For some, the movement is seen as a betrayal on the part of people who should be working from within political parties to correct weaknesses in addressing the fears and aspirations of coloureds.
The ANC provincial leadership elected last month will address the implications of the movement at a bosberaad they have planned for November 2. The National Party, which enjoys the support of the majority of coloureds, has remained mum.
The movement was named to commemorate the emancipation of coloured slaves on December 1 1834. At this stage, the group is not willing to identify themselves – they will elect a committee on Sunday which will speak on their behalf.
In discussion documents drafted by the movement’s proponents and obtained by the Mail & Guardian, some of their objectives emerge. The coloured community has confounded political analysts and dismayed activists by voting for the NP in the 1994 and 1996 elections. Former UDF activists believe this is a case of “the chickens coming home to roost” – a consequence of activists’ inability to understand the community.
Many had believed that the presence of coloureds at anti-apartheid marches and rallies in the past would translate into a “vote for freedom” along with other oppressed communities in South Africa.
In post-apartheid South Africa, coloureds have been used by mainstream political parties as voting fodder, and their ongoing fears about issues like affirmative action and government allocation of resources like housing and education are not being addressed.
The movement’s proponents believe a “safe environment” has to be created outside political parties to debate solutions to problems coloureds experience. They are also offering a haven to people who believe coloureds are a distinct racial group and would like a vehicle to promote their culture.
Some of the objectives proposed in the documents are to draw coloured people back into the political and economic mainstream; to develop non-racialism in the Western Cape; to begin asserting pride among coloureds in the Cape with the aim of including them in the new South African nation; and to challenge other parties to change their political orientation in the province.
The group is still debating the organisation’s character: whether it should be established as a political party, social movement, pressure group or cultural movement. This issue should be finalised on Sunday.
Ironically, some of the inspiration for the movement’s name is drawn from Deputy President Thabo Mbeki’s speech at the adoption of the draft Constitution earlier this year.
“I owe my being to the Khoi and the San whose desolate souls haunt the great expanses of the beautiful Cape – they who fell victim to the most merciless genocide our native land has ever seen, they who were the first to lose their lives in the struggle to defend our freedom and independence and they who, as a people, perished in the result,” Mbeki said.

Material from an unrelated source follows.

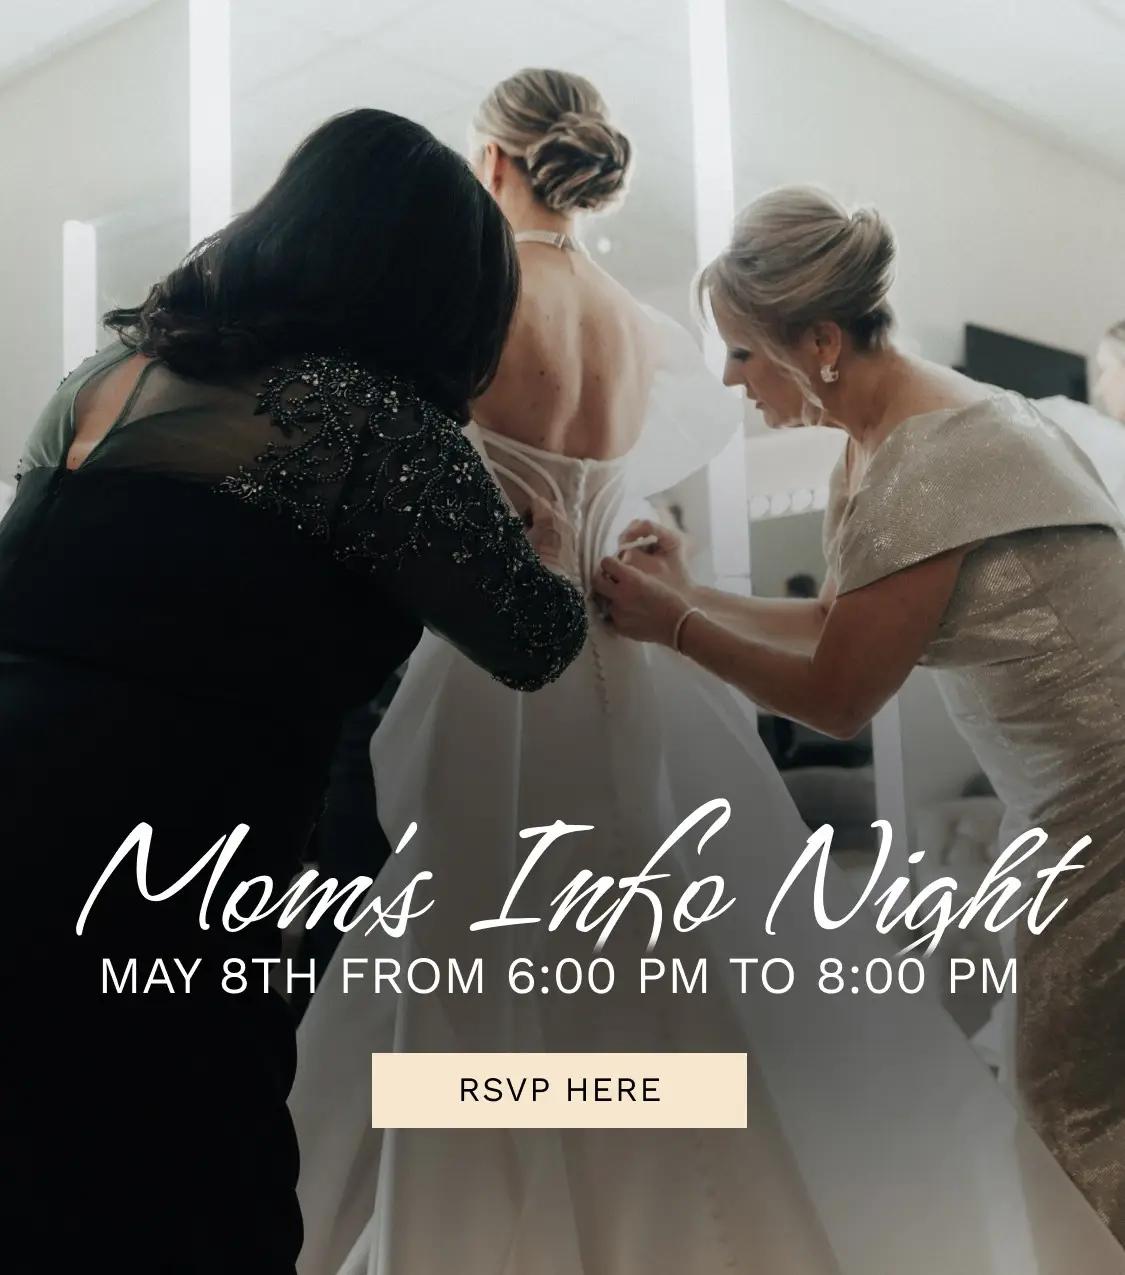 Moms info night banner for mobile

“Today, as a country, we keep an audible silence about these ancestors of the generations that live, fearful to admit the horror of a former deed, seeking to obliterate from our memories a cruel occurrence which, in its remembering, should teach us not and never to be inhuman again.”

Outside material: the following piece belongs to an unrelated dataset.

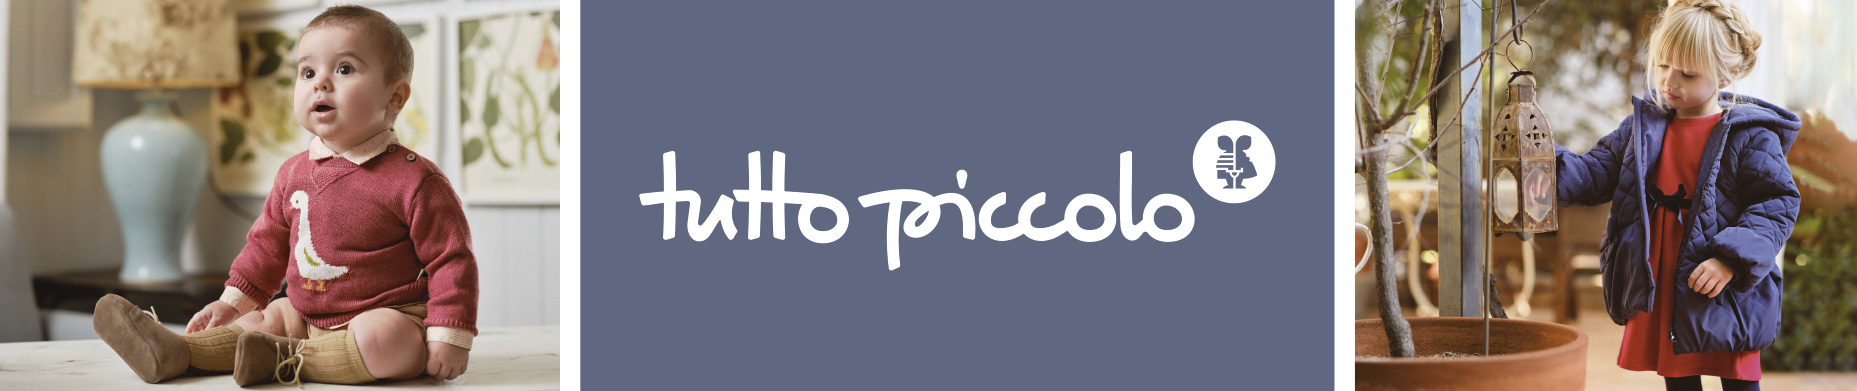 TUTTO PICCOLO-banner

In the Cape today descendants of the indigenous population, mixed liberally with Caucasians and East Indian slaves, are claiming a unique heritage and recognition that their apartheid-designated label of “coloured” best describes their community.
An argument is made in one of the documents motivating the name of the December 1 Movement, that coloureds were the only nation to experience slavery in South Africa and that the community has not yet come to terms with the trauma it caused. “Our community’s salvation lies in moving from … angst and trauma to our eventual coming to terms with the fact that we are an African people who have emerged at this special point in our nation’s history along a path uniquely ours,” the document reads.
“The experience of slavery was not known to the rest of our nation. The essence of our identity was shaped within this crucible of suffering.”
“We need a movement that will form a bridge along which our people can move from where they are in terms of value and attitudes to where those less burdened by the shackles of history are to be found.